### Dataset content

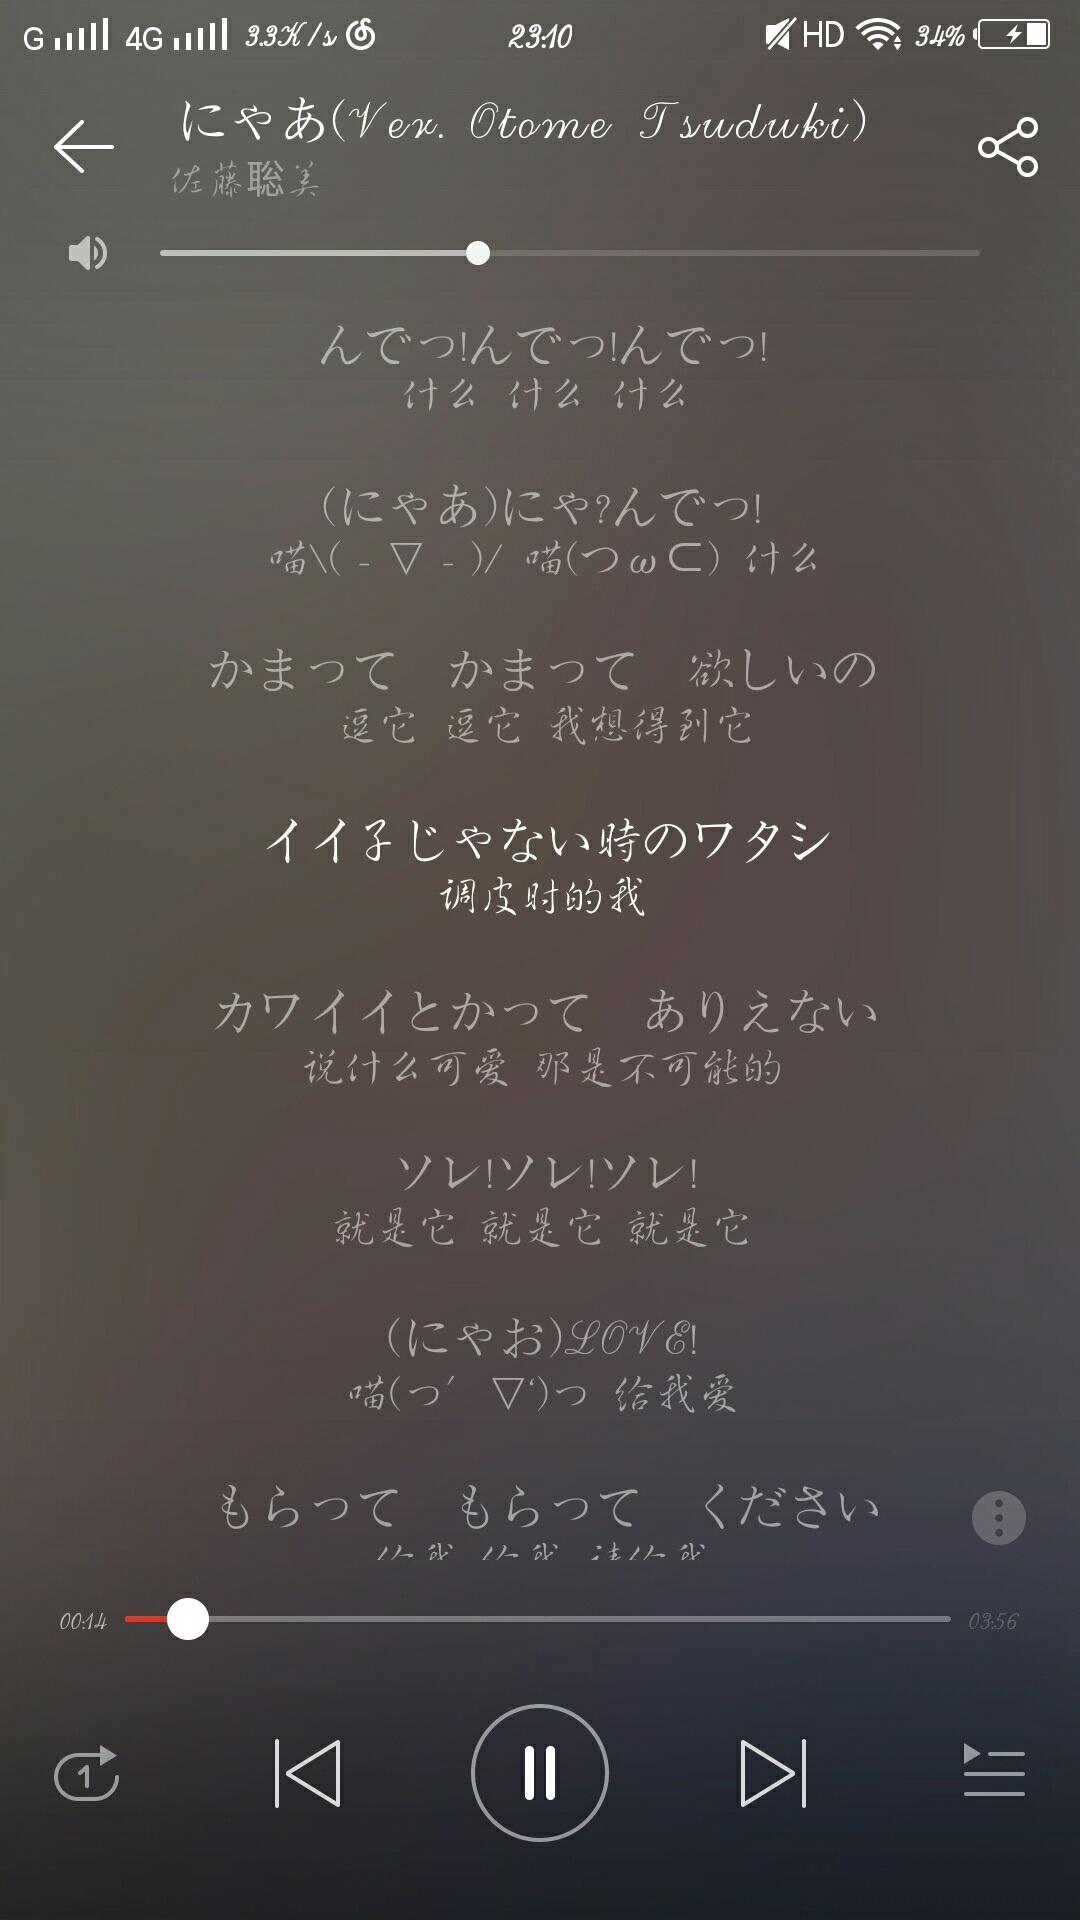 【音乐推荐】迷途猫ヾ(@^▽^@)ノ
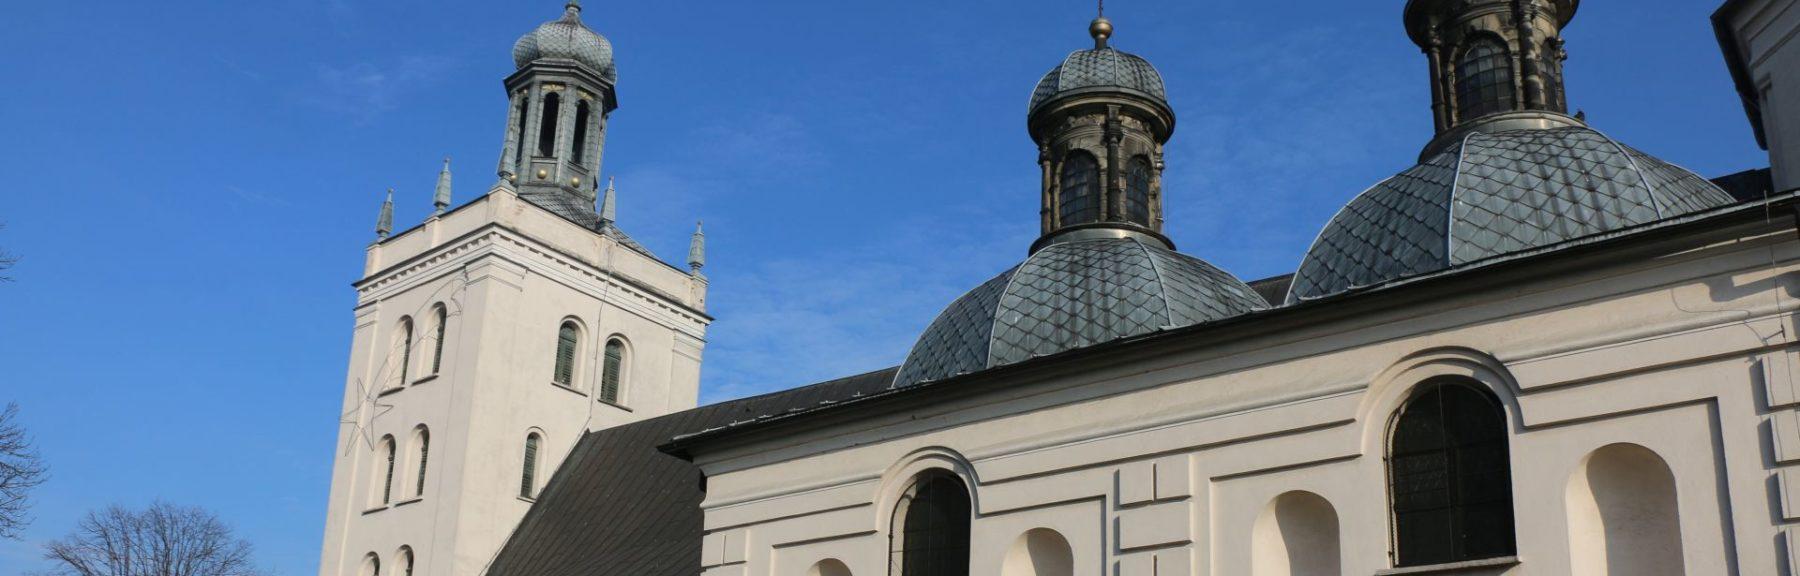 Parafia pw. św. Jadwigi Śląskiej w Grodzisku Wlkp. w Archidiecezji Poznańskiej
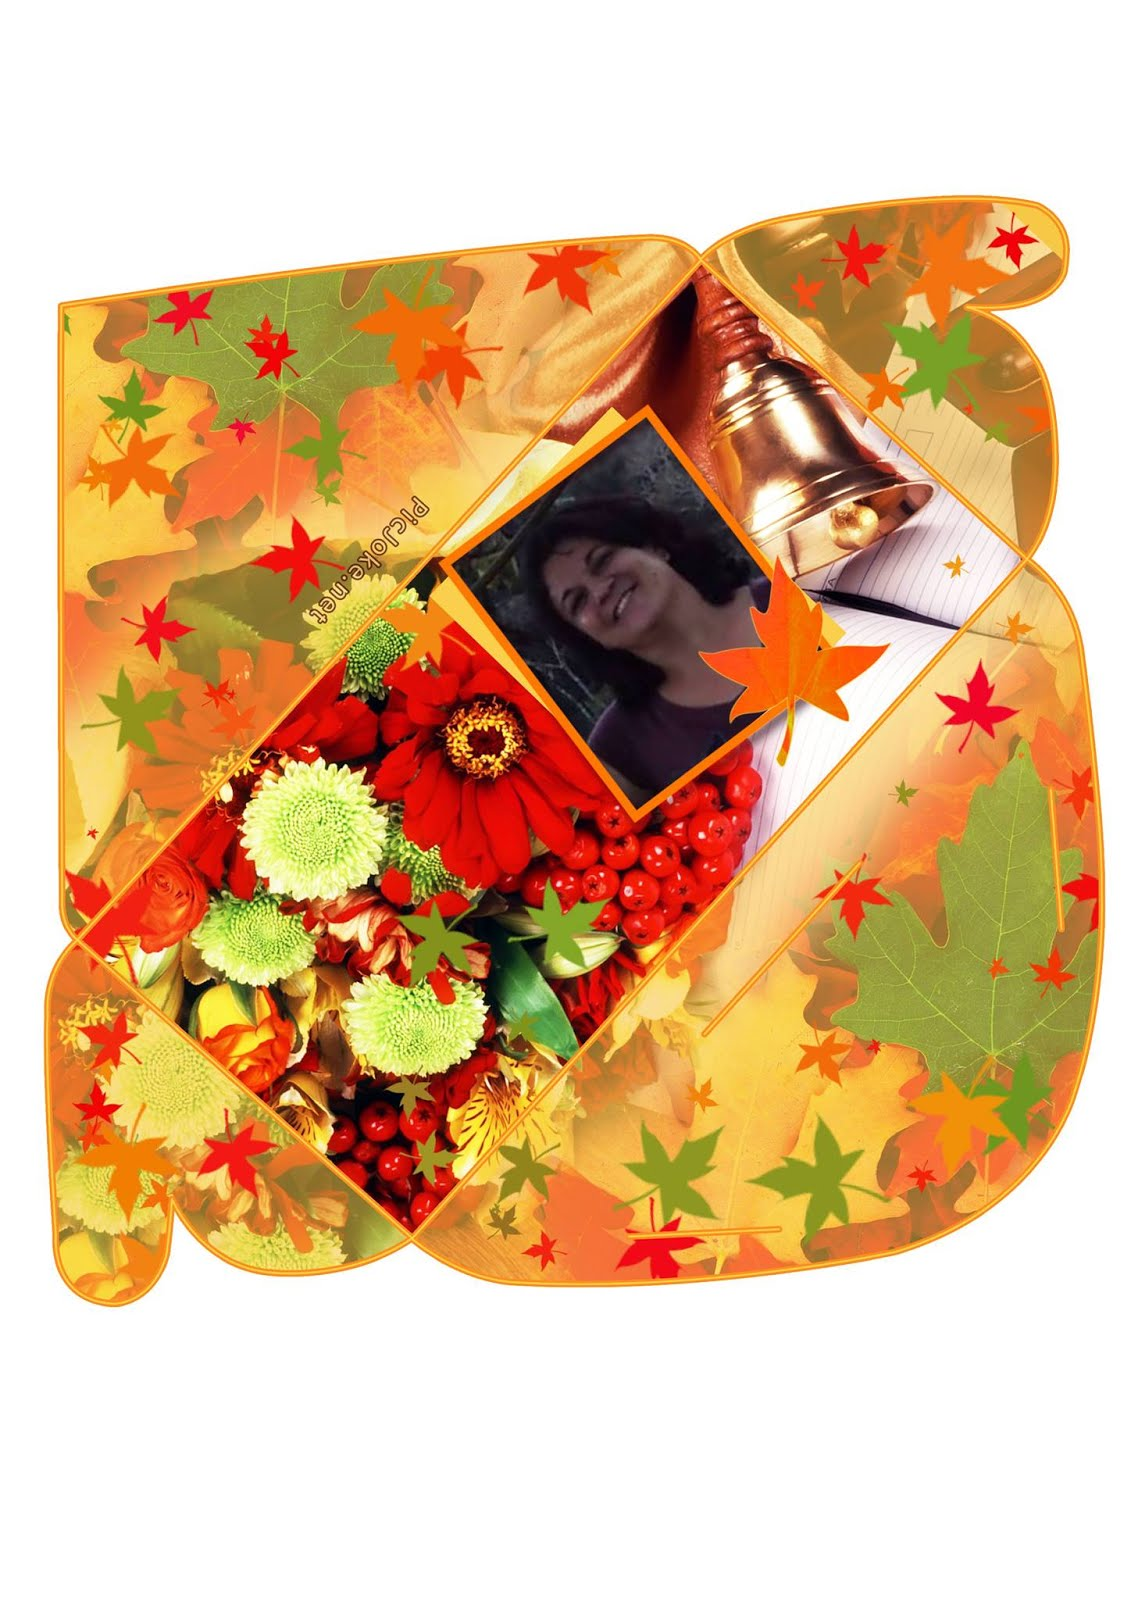 Poeta e amiga Suely Rosa.♥Grata pelo carinho.

######

● **Required work**: In full and without any pictures, print the listing above exactly.

● **Answer to this problem**:
 【音乐推荐】迷途猫ヾ(@^▽^@)ノ
 Parafia pw. św. Jadwigi Śląskiej w Grodzisku Wlkp. w Archidiecezji Poznańskiej
 Poeta e amiga Suely Rosa.♥Grata pelo carinho.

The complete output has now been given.